__Your instructions__:
Below are records with pictures. Transcribe exactly, and only, the lines from the line with "2824 Winding Ln Antioch, CA 94531" to the line with "Boy Plays With Dinosaurs: Stock Photos", both ends included, but not the pictures.
#### Data listing
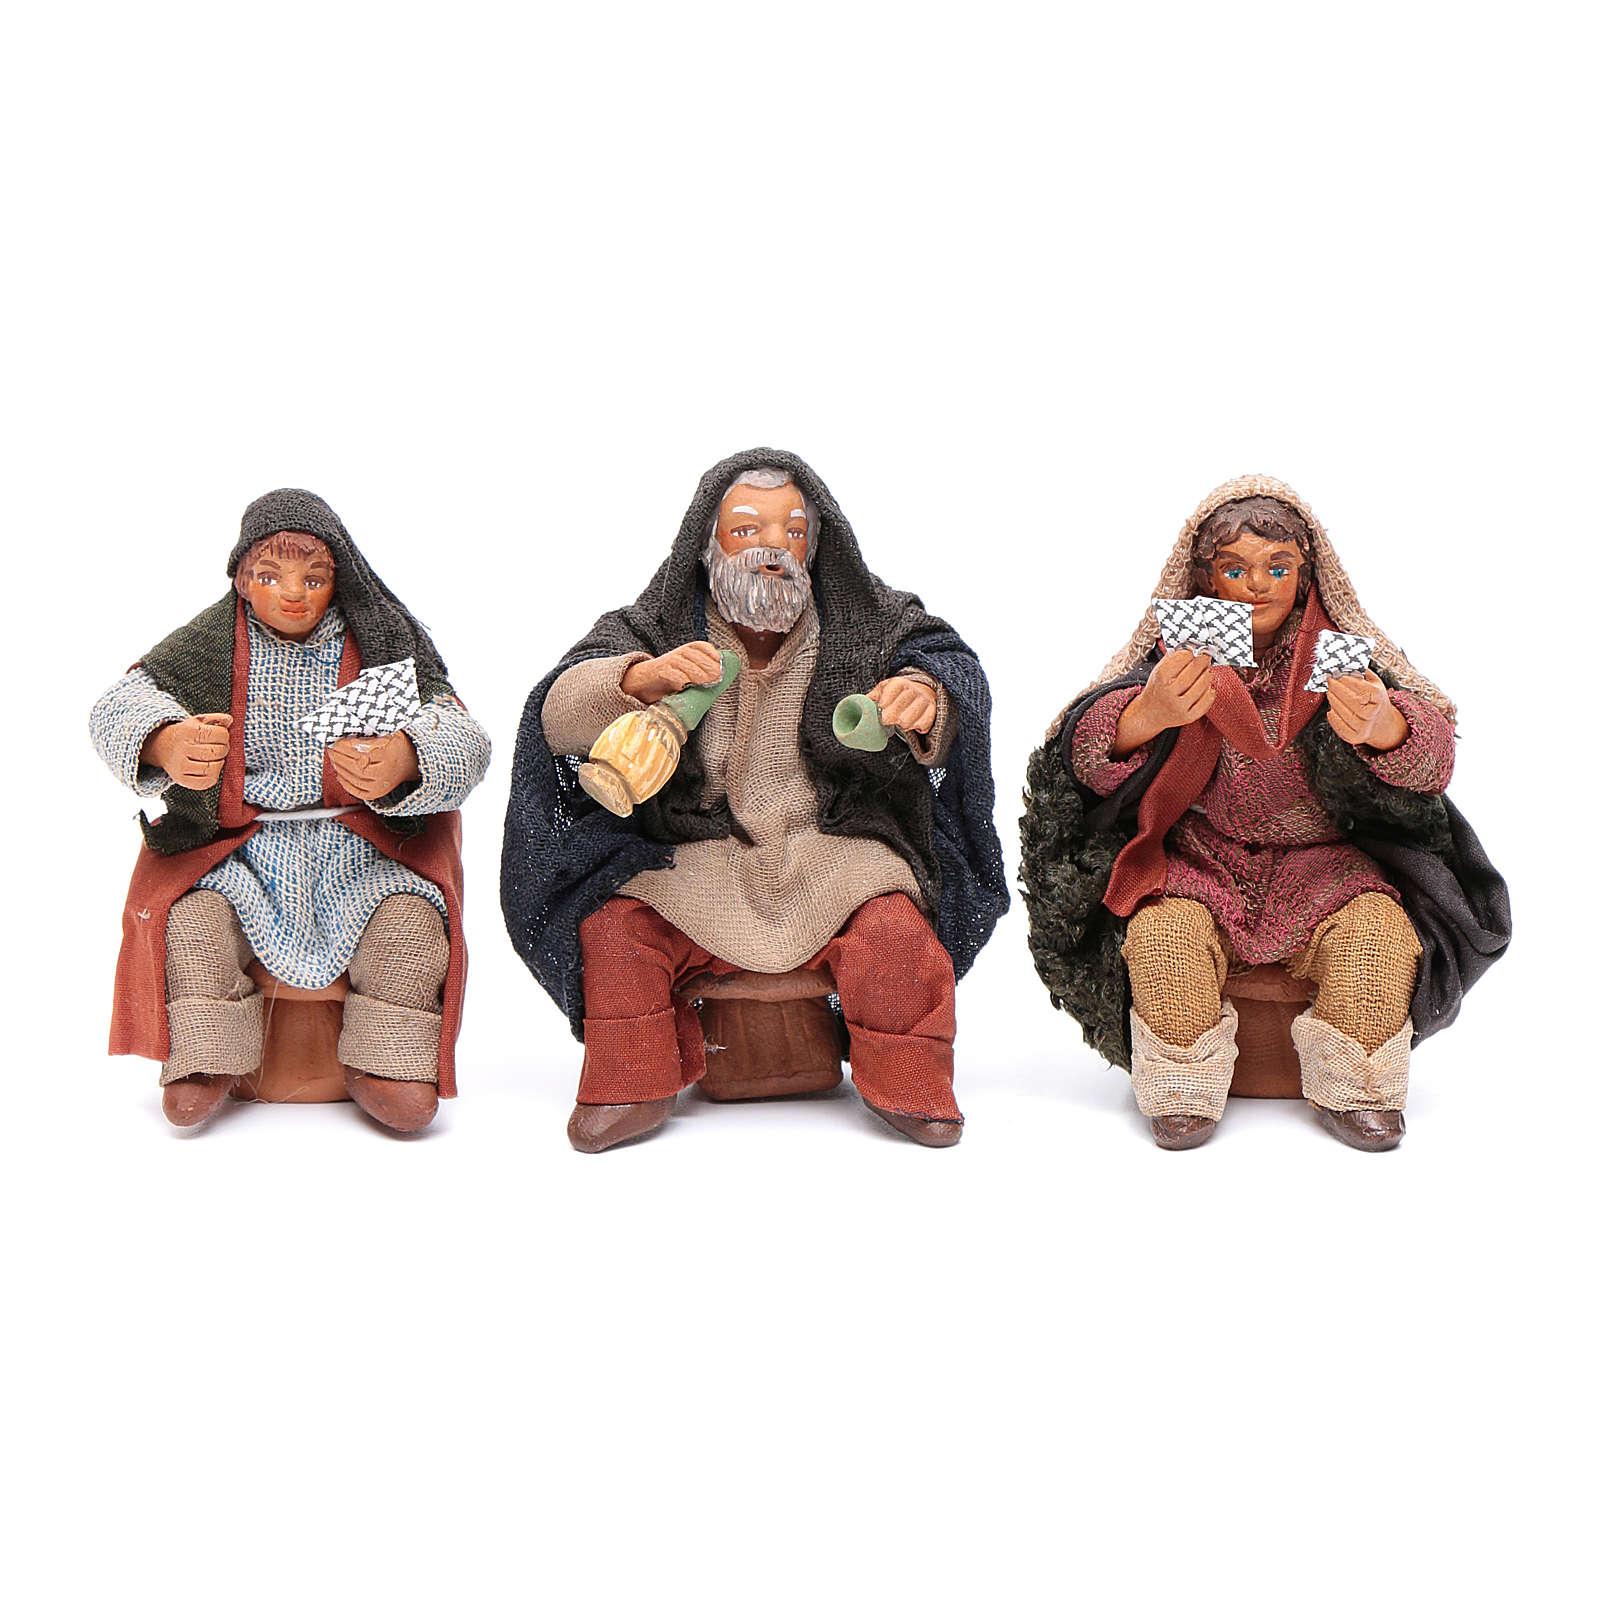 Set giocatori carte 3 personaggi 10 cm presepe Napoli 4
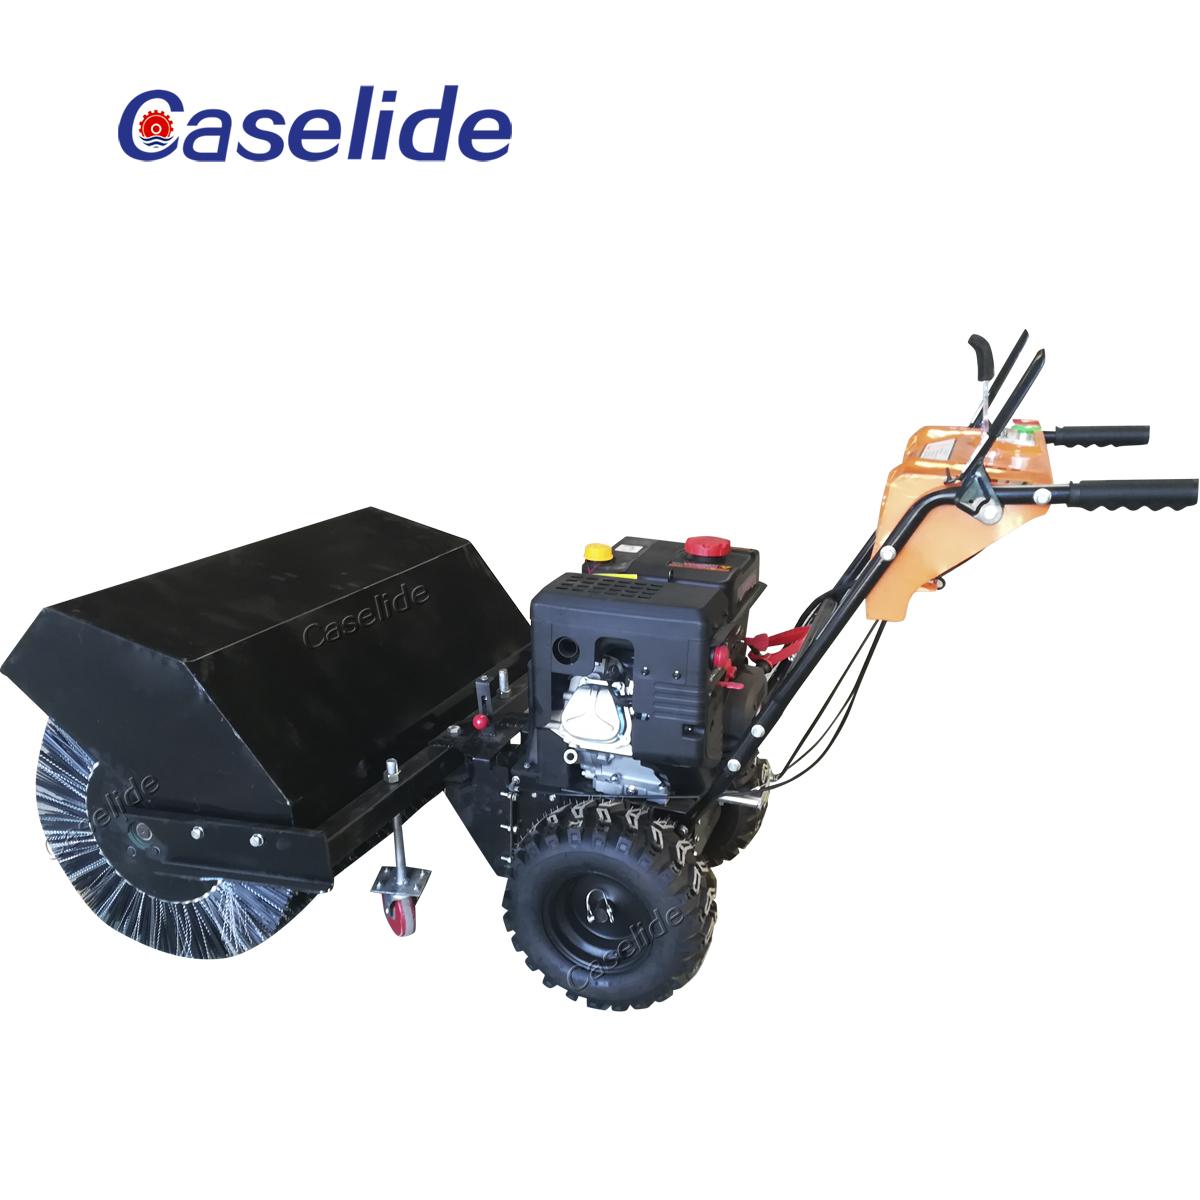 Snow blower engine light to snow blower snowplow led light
########
#### Data listing
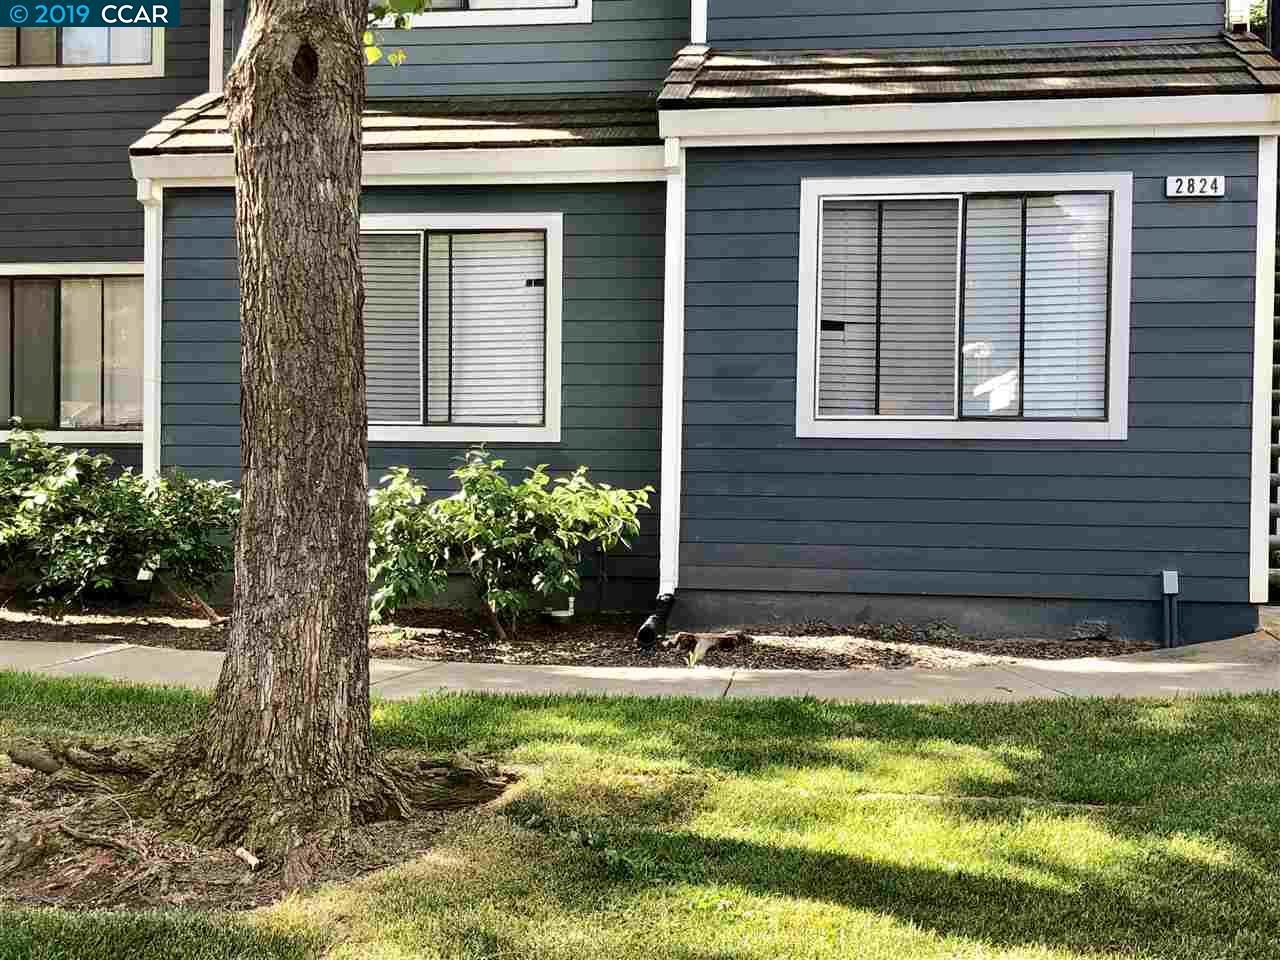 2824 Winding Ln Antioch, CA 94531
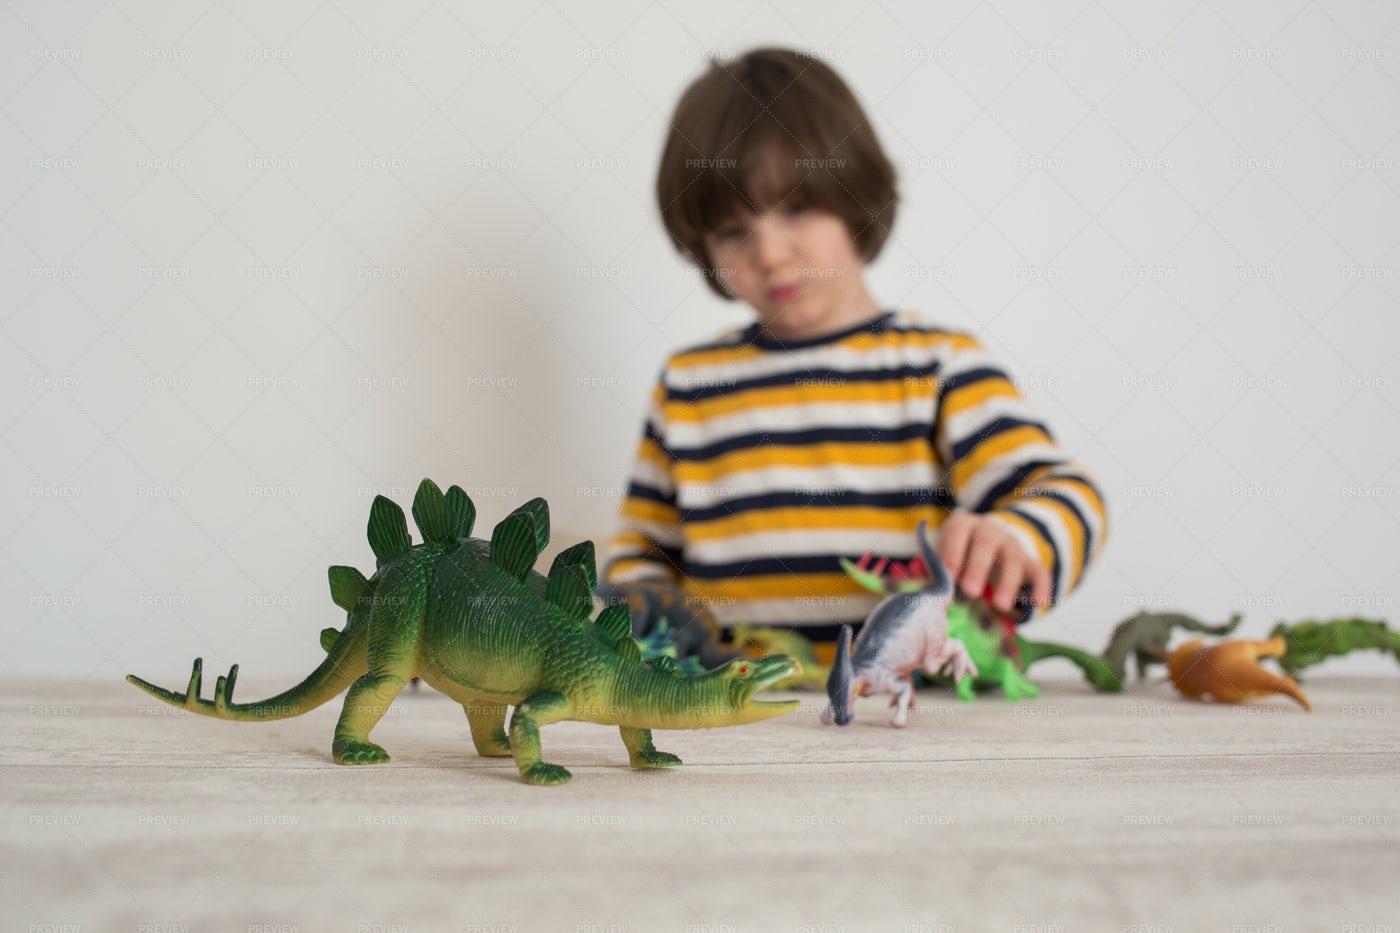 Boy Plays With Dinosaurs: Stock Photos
########
__Output__:
 2824 Winding Ln Antioch, CA 94531
 Boy Plays With Dinosaurs: Stock Photos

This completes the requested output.